2. Er wordt een lid toegevoegd, luidende:
2. Onverminderd het eerste lid en artikel 11 geeft de centrale commissie slechts een
positief oordeel over een onderzoeksprotocol betreffende wetenschappelijk onderzoek
met embryo’s die speciaal daarvoor tot stand worden gebracht, indien redelijkerwijs
aannemelijk is dat het met het onderzoek te dienen doel en de wijze van uitvoering
daarvan in redelijke verhouding staan tot de bezwaren tegen het speciaal voor onderzoek
tot stand brengen van embryo’s.
Bb
In artikel 11 wordt de komma na de zinsnede «het terrein van kunstmatige voortplantingstechnieken»
vervangen door «of» en vervalt de zinsnede «of het terrein van de transplantatiegeneeskunde».
Bc
Artikel 24 wordt als volgt gewijzigd:
1. In onderdeel a wordt na «andere doeleinden dan» ingevoegd «bedoeld in artikel 9,
eerste lid, en».
2. Onderdeel b vervalt, onder verlettering van de onderdelen c tot en met h tot b tot
en met g.
3. In onderdeel b (nieuw) wordt «onderdeel b» vervangen door «onderdeel a».
4. In onderdeel g (nieuw) vervalt «onderscheidenlijk artikel 9, eerste lid, onder a,».
5. Onder vervanging van de punt aan het slot van onderdeel g (nieuw) door een puntkomma,
wordt een onderdeel toegevoegd, luidende:
h. uit een embryo in kweek gebrachte cellen te gebruiken voor andere doeleinden dan waarvoor
zij op grond van artikel 9, eerste lid, onder a, ter beschikking mogen worden gesteld.
IV
In artikel I, onderdeel C, wordt ««voor» vervangen door «op»» vervangen door ««voor
een ernstige geslachtsgebonden erfelijke aandoening bij het kind» vervangen door «dat
het kind een ernstige geslachtsgebonden erfelijke aandoening heeft of drager wordt
van zodanige aandoening»,».
V
Aan artikel I worden drie onderdelen toegevoegd, luidende:
D
Artikel 28 wordt als volgt gewijzigd:
1. In het eerste lid wordt «artikelen 12» vervangen door «artikelen 11 en 12».

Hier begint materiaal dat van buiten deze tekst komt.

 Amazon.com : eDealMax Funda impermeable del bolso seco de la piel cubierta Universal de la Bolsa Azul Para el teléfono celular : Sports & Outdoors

2. In het tweede lid wordt na «8,» ingevoegd «9,».
E
Artikel 31 vervalt.
F
Artikel 33 wordt als volgt gewijzigd:
1. In het eerste lid vervalt «met dien verstande dat de artikelen 9, 11 en 24, onderdeel
b, in werking treden op het in het tweede lid bedoelde tijdstip».

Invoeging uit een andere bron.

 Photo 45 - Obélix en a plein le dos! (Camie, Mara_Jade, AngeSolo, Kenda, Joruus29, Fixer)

2. Het tweede lid komt te luiden:
2. Indien het bij koninklijke boodschap van 25 maart 2019 ingediende voorstel van wet
tot wijziging van de Embryowet in verband met de aanpassing van het verbod op geslachtskeuze
en gebruik van geslachtscellen en embryo’s ten behoeve van kwaliteitsbewaking en wetenschappelijk
onderzoek (Kamerstukken 35 173) tot wet is of wordt verheven en in werking treedt, treden de artikelen 9 en 11 op
hetzelfde tijdstip in werking.
Toelichting
Dit amendement beoogt een nee-tenzij in te voeren, onder strikte voorwaarden, ten
aanzien van het kweken van embryo’s.
In de vorige kabinetsperiode kwam Minister Schippers met eenzelfde voorstel om onder
strikte voorwaarden wel embryo’s te mogen kweken ten behoeve van de behandeling van
mensen met aangeboren onvruchtbaarheid, onvruchtbaarheid ten gevolge van behandeling
van kanker en bij ernstige erfelijke aandoeningen om te voorkomen dat kinderen met
deze aandoening worden geboren. De overweging was destijds onder meer: als het straks
in het buitenland wel kan willen Nederlandse ouders het ook, om de kwaliteit van de
zorg hoog te houden moeten Nederlandse onderzoekers zich de techniek in vroeg stadium
eigen kunnen maken. Voor de indiener staat het belang van dit onderzoek voorop: voor
mensen met aangeboren onvruchtbaarheid, voor mensen die na een zware behandeling tegen
kanker onvruchtbaar zijn geworden en voor mensen met een kinderwens en een ernstige
erfelijke aandoening in de familie.
Voor onderzoek zou het mogelijk moeten zijn om embryo´s specifiek voor onderzoek te
maken (onderzoeksembryo’s). Dit is nu in Nederland niet toegestaan. Bovendien gaat
het bij sommige nieuwe technieken om technieken waarbij op een alternatieve manier
eicellen of zaadcellen gemaakt worden. Om deze nieuw gemaakte eicellen of zaadcellen
te toetsen op functionaliteit, effectiviteit en veiligheid, zullen er met behulp van
deze eicellen en/of zaadcellen embryo’s gemaakt moeten worden. Dat is nu niet toegestaan.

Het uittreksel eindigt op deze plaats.